Assume $c>2$ for simplicity's sake, so that $a$ is odd among other things.

Firstly, we note that $a^b\equiv1$ mod $2^c$. Since the order of the multiplicative group mod $2^c$ is $2^{c-1}$, we note that either $b$ is even or that $a\equiv1$ mod $2^c$, but we can rule out the latter fairly easily - $1+2*2^c$ is already too big for $b=2$, 1 is always too small and $1+2^c$ is too small for $b=2$ and too big for $b>2$.

Since $b$ is even, $a^b$ will be a square so all we need to do is show that $a=23, c=4$ is the only solution for $b=2$ and we will be done.

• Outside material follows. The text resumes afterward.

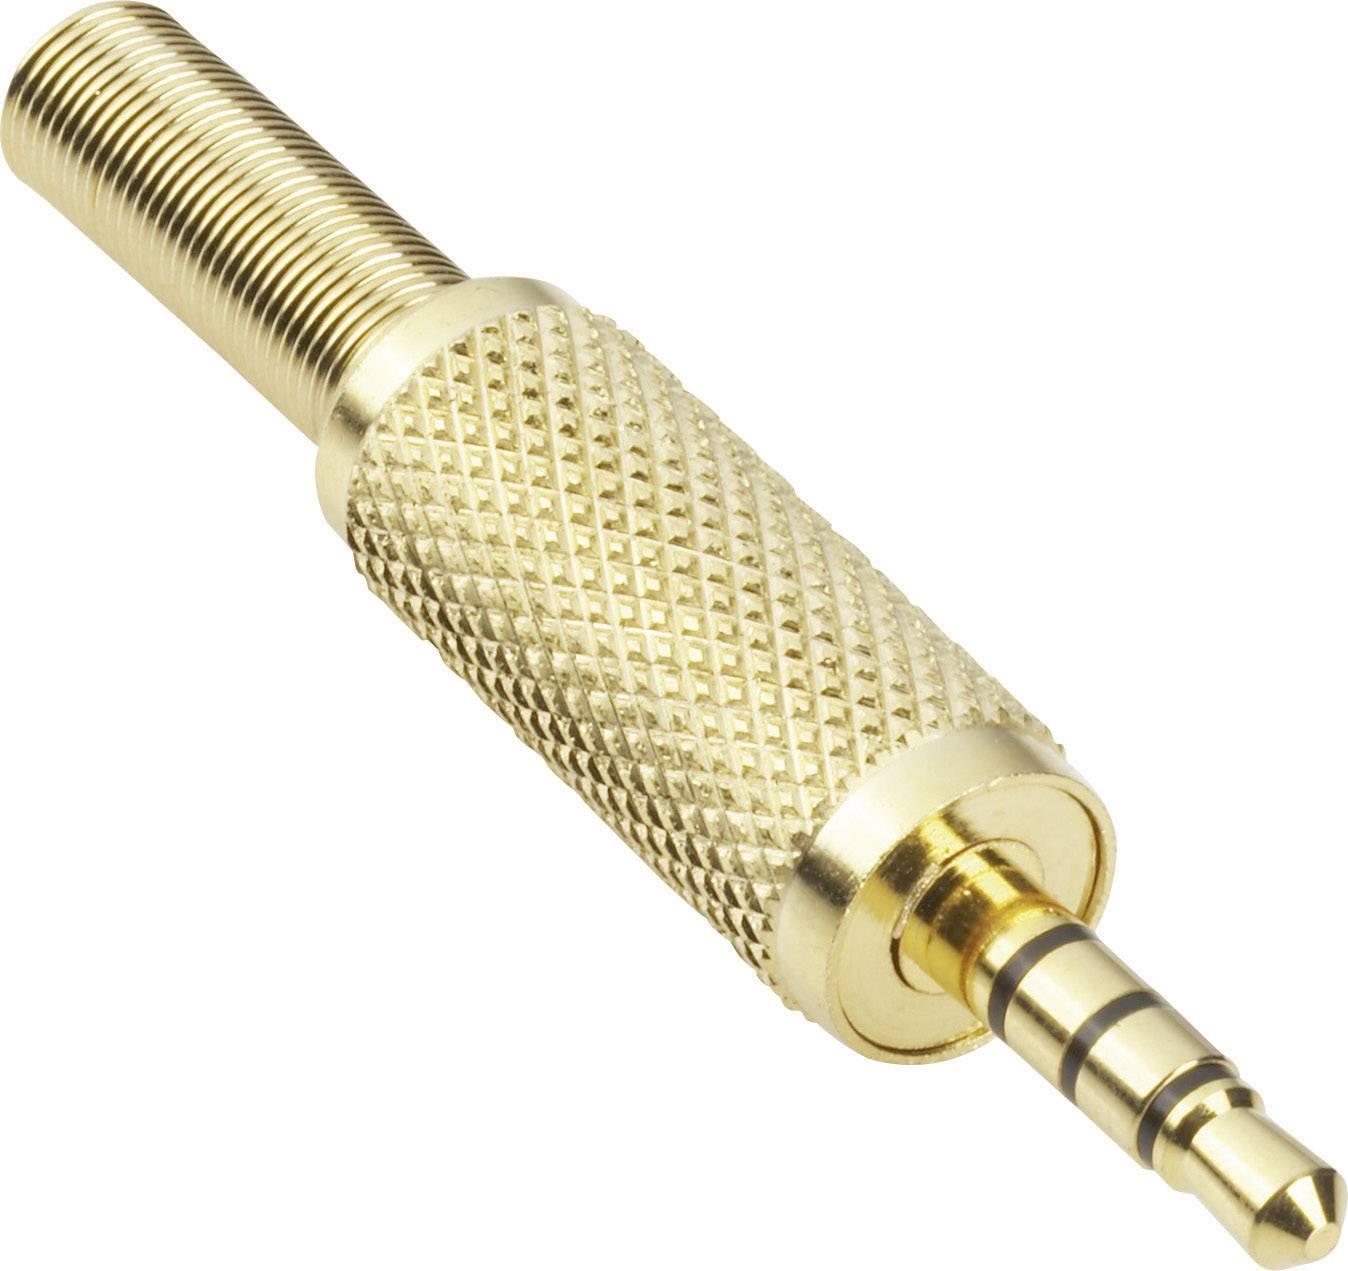 Jack konektor 3.5 mm stereo zástrčka, rovná BKL Electronic 1103057, pinov 4, zlatá, 1 ks

Rewrite the equation as: $$(a-1)(a+1)=2^c(2^{c+1}+1)$$

$\gcd(a-1,a+1)=2$ since $a$ is odd, so it must be the case that $2^{c-1}$ divides $a-1$ or $a+1$. Let's assume $2^{c-1}|a+1$ for now. Then there exists odd numbers $u$ and $v$ such that $$a-1=2u \\ a+1=2^{c-1}v\\ uv=2^{c+1}+1$$

Combining the first two we get $2^{c-2}v-u=1$, which we can plug into the third to obtain $$(2^{c-2}v-1)v=2^{c+1}+1$$ We know $v$ is odd. If $v\geq5$, then the left hand side will certainly be bigger than the right hand side ($(2^{c-2}v-1)v>2^{c-3}*v^2\geq\frac{25}{16}2^{c+1}>2^{c+1}+1$) and if $v=1$, then the left hand side will definitely be smaller. So $v=3$ and $$2^{c-2}9-3=8*2^{c-2}+1\\ 2^{c-2}=4\\ c=4$$ which is exactly the solution you found. Working out the case $2^{c-1}|a-1$ is essentially the same except you find that there are no solutions then.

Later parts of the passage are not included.